* Work request
Among the entries below, extract exactly the lines that run from the one with "In-flight Throw Pillow" through the one with "Lexmark 4044-XXX, E310", both ends included.

* Supplied data
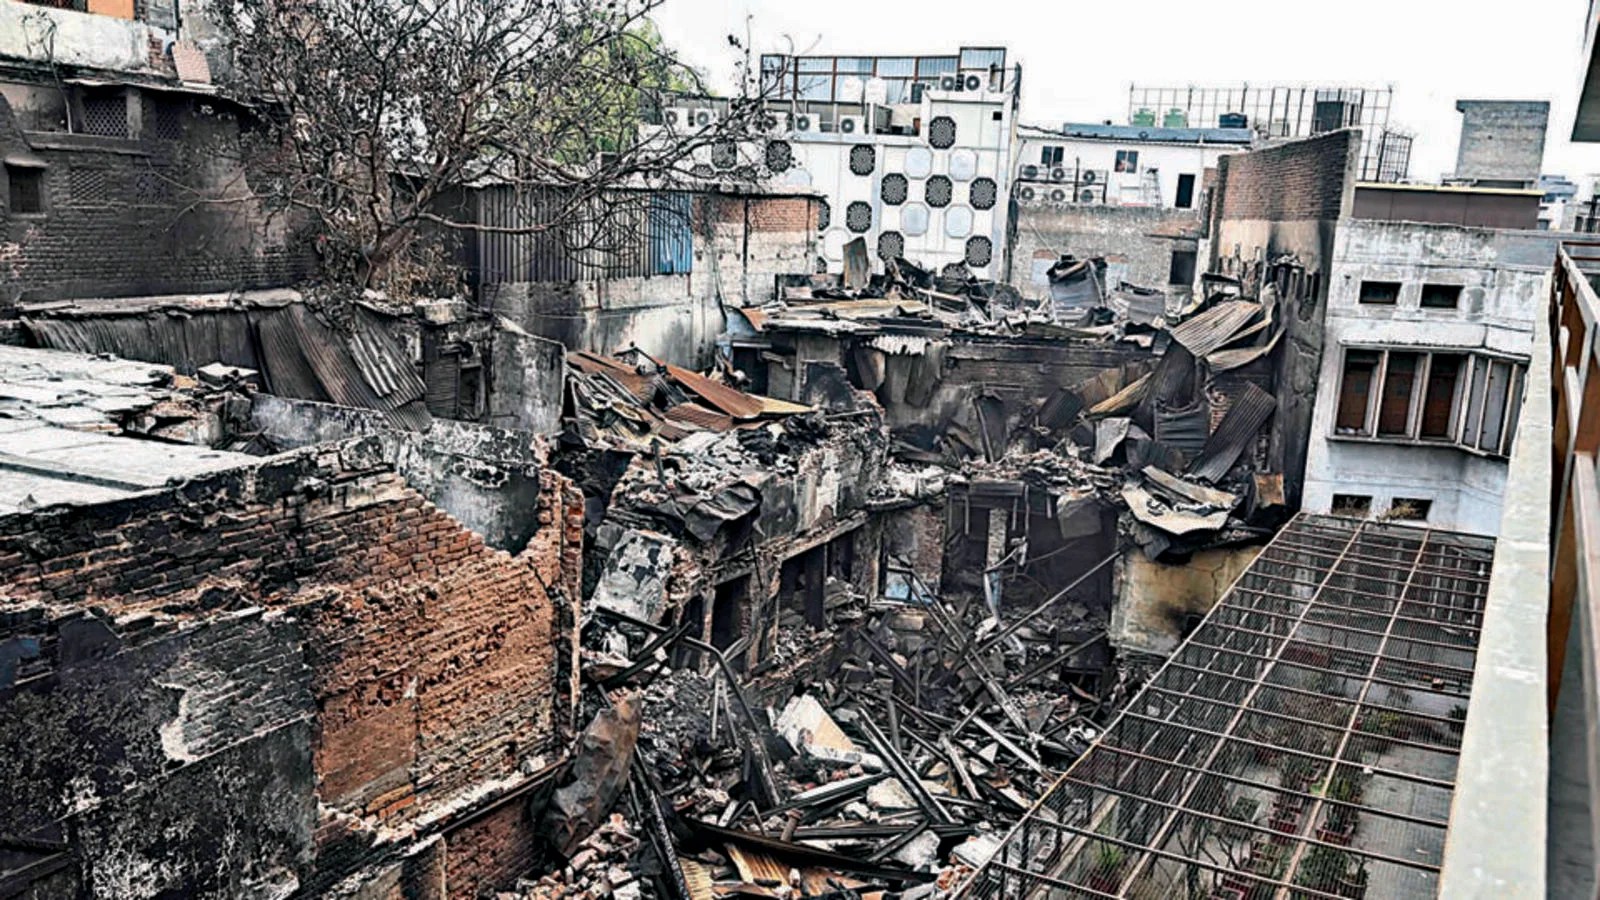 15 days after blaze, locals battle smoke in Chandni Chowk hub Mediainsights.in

==

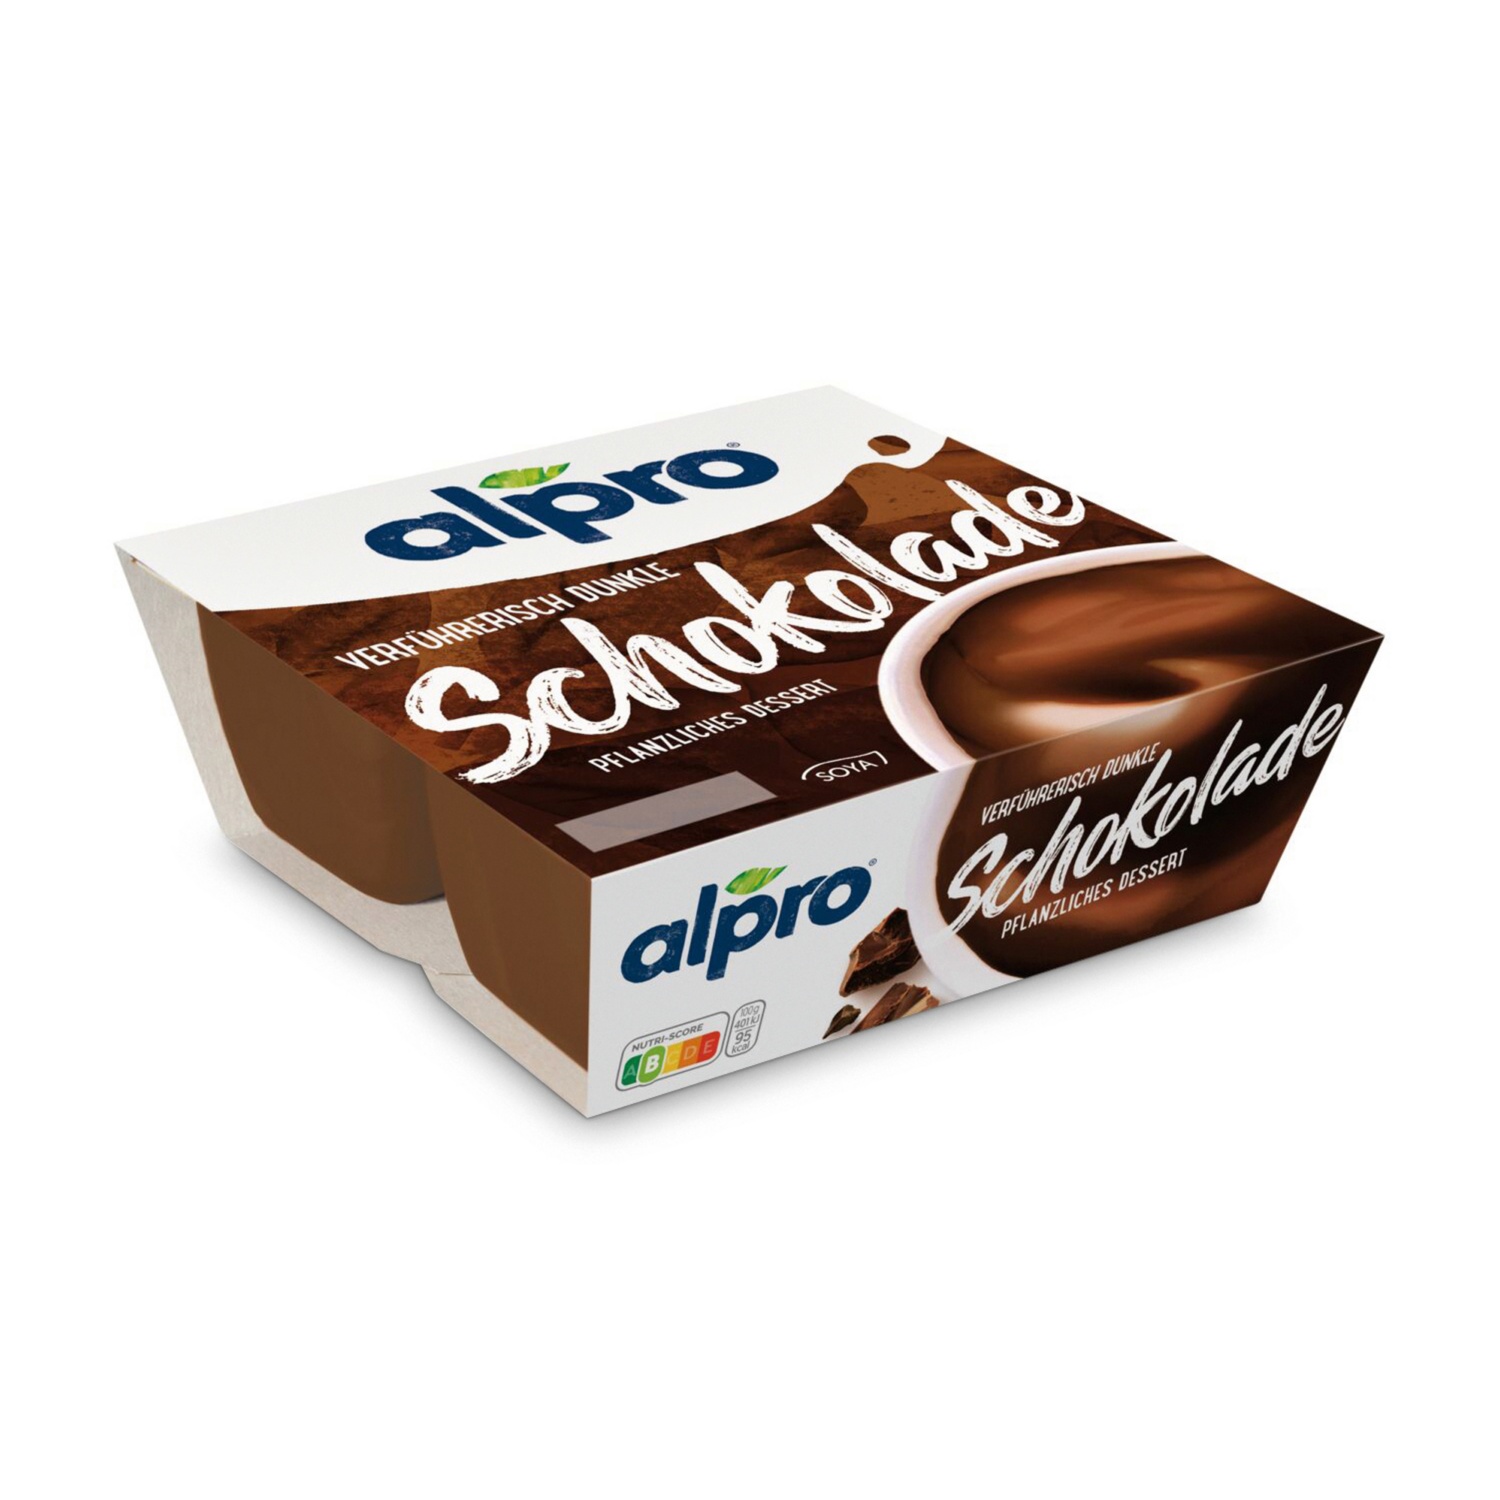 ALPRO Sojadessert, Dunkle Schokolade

---

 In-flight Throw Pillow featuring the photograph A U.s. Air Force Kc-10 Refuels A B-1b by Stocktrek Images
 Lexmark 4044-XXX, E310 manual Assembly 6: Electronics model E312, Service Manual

* Your response
 In-flight Throw Pillow featuring the photograph A U.s. Air Force Kc-10 Refuels A B-1b by Stocktrek Images
 Lexmark 4044-XXX, E310 manual Assembly 6: Electronics model E312, Service Manual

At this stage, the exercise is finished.